-
Type: Bug
-
Resolution: Unresolved
-
Priority: Major - P3
-
None
-
Affects Version/s: 6.0.5
-
Component/s: None
-
Query Execution
-
ALL
-
Sharding EMEA 2023-05-01, Sharding EMEA 2023-05-15
Mongosync in the above log receives a CursorNotFound error. The cursor in question, though—5131255404875629212—appears to be internal to mongos and mongod.
The first occurrence of 5131255404875629212 in the logs is on shard1 node2 (s1:n2) and indicates a slow query.
The next occurrence, on shard0 node 0, indicates that the shard0 node that's answering mongosync's query is "not in primary or recovering state". Note that this isn't cursor 5131255404875629212, but it might be related.
The next occurrence after that, on shard0 node 1, is where we start seeing CursorNotFound.
The line after that is where mongos indicates CursorNotFound, and the line thereafter is where mongosync reports it.
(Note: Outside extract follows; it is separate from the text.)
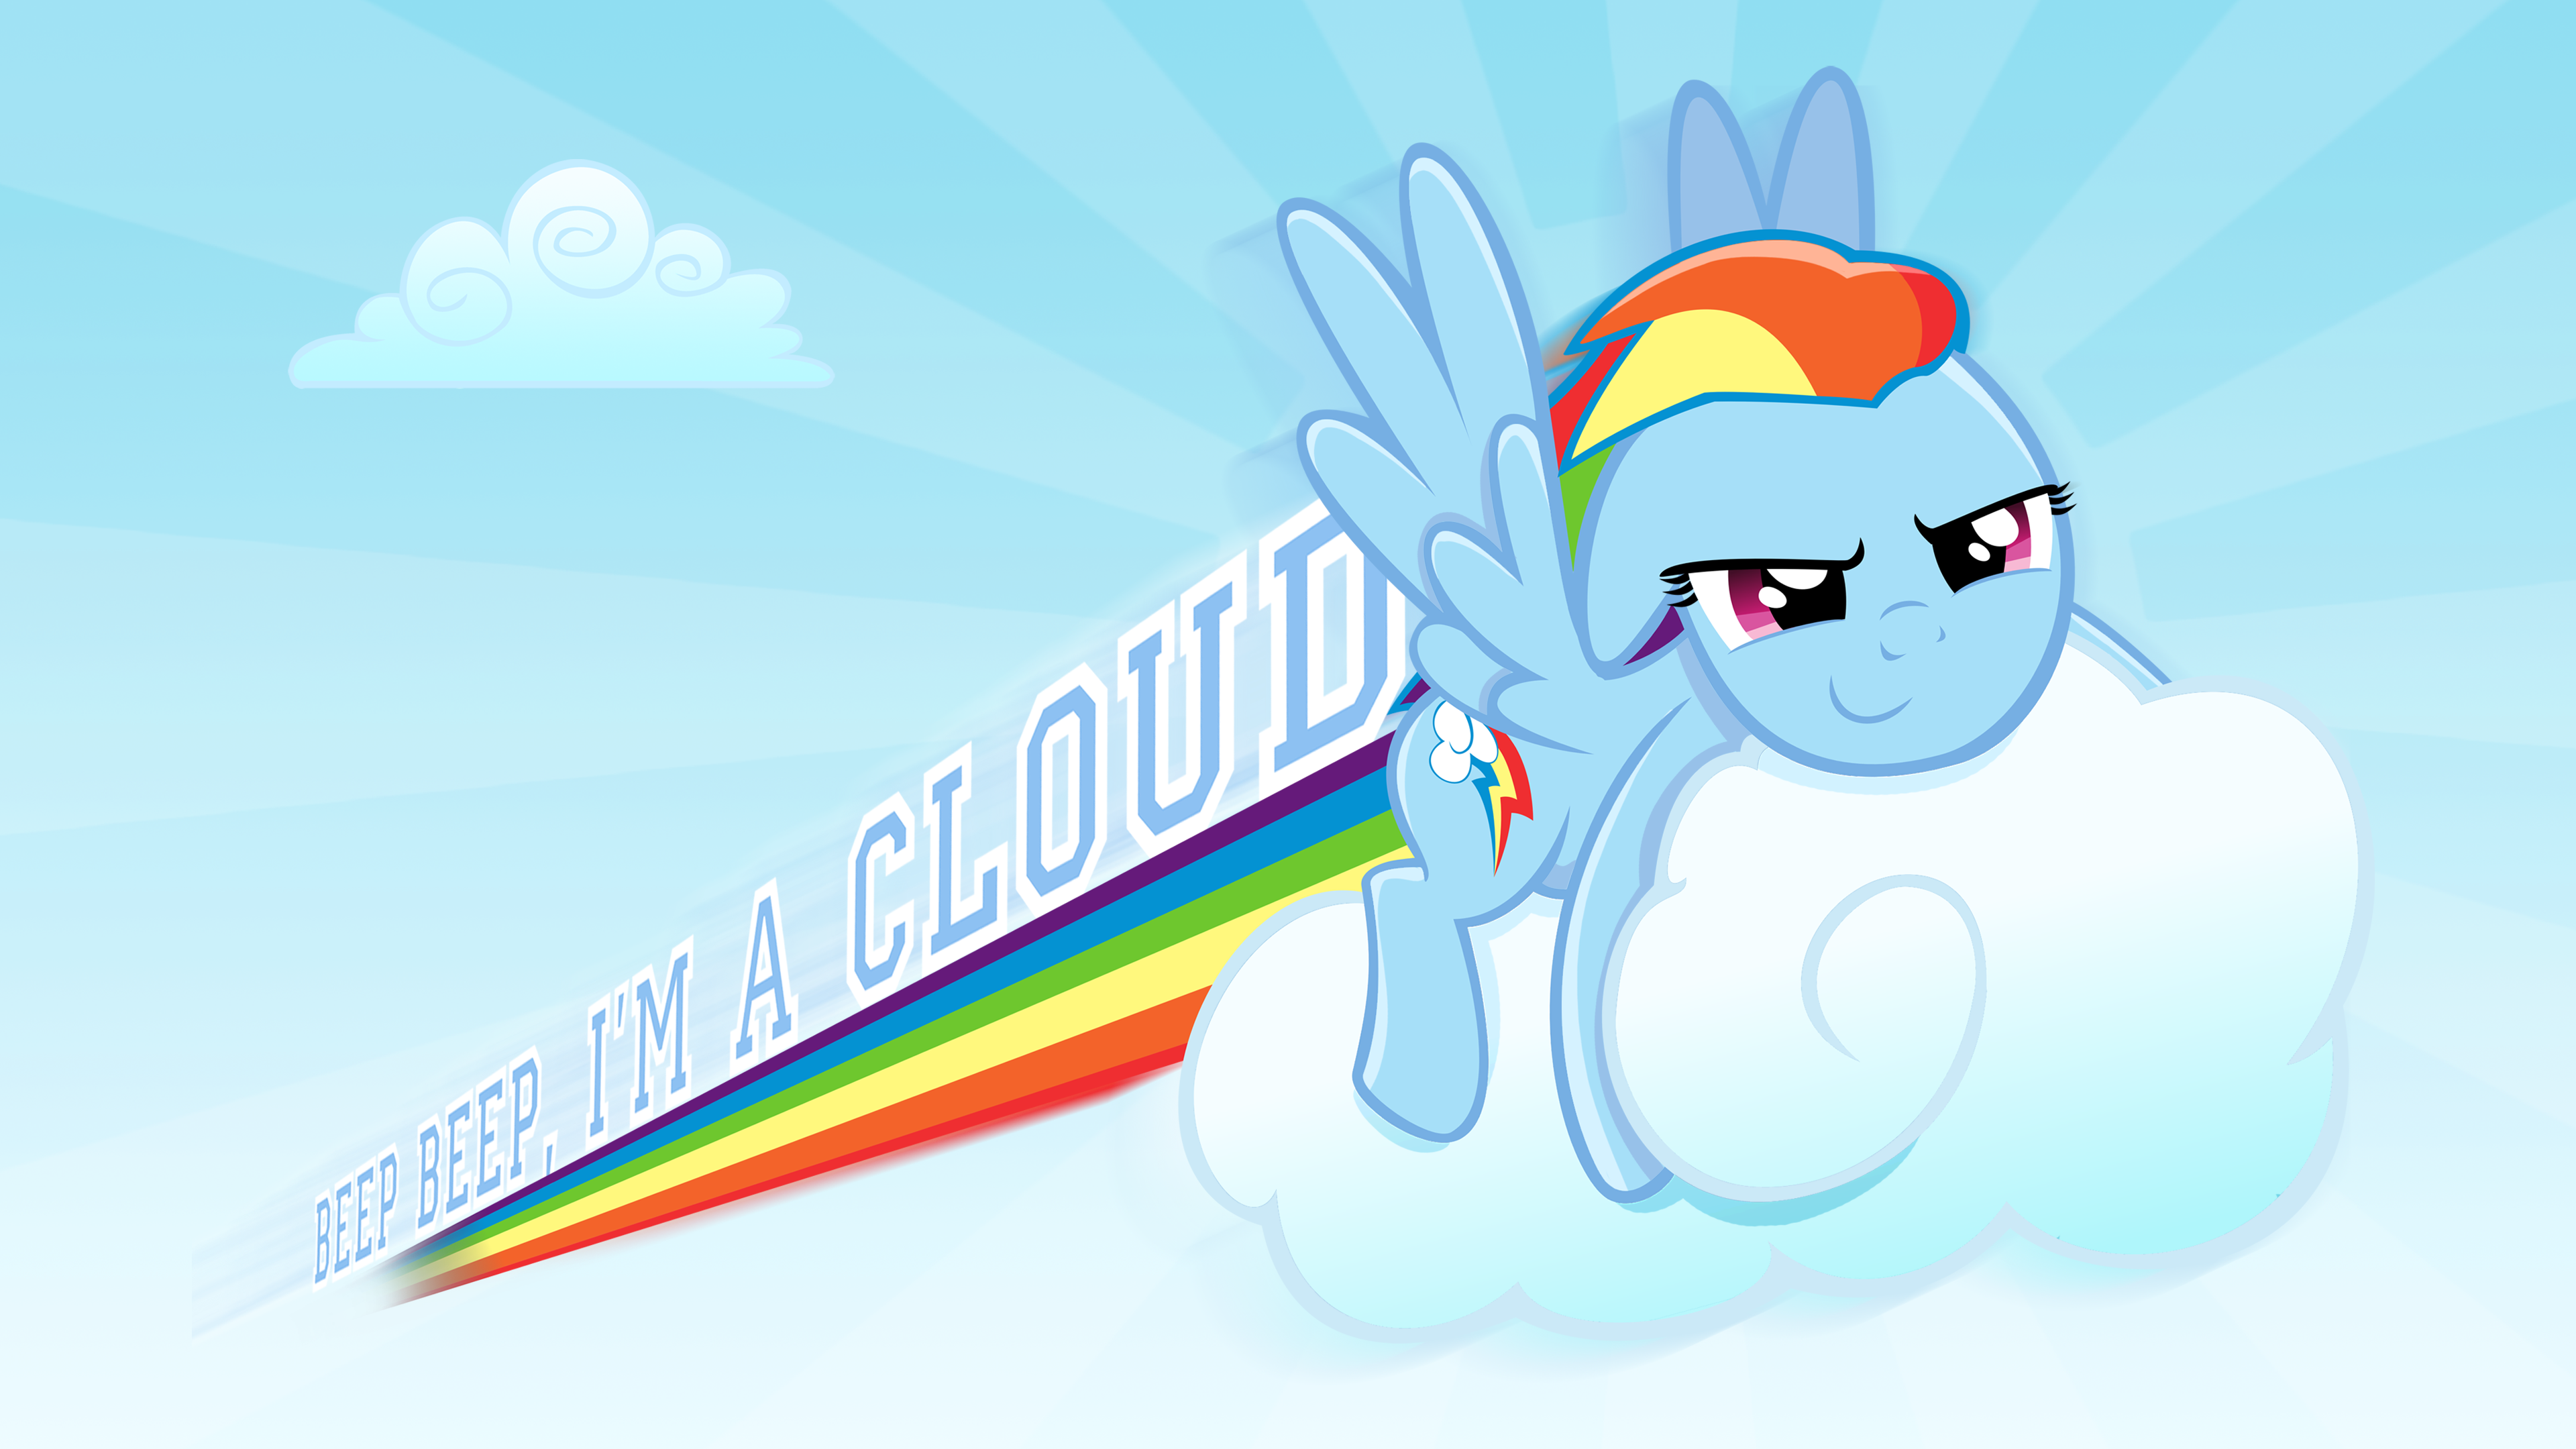 I'm a cloud Wallpaper Wider screen by GuruGrendo, Kopachris and steffy-beff

There appear to be a couple issues here:
1. Whatever is causing the CursorNotFound
2. It seems like mongos shouldn't report CursorNotFound to mongosync here since (if I'm understanding the logs correctly) that is its own cursor for querying shard-rs1, not something that mongosync knows or (directly) cares about.
The log indicates an election in shard-rs0 as well as a stepUp in shard-rs1. Maybe these are related?
A potential workaround for mongosync is to treat CursorNotFound as a transient, retryable error.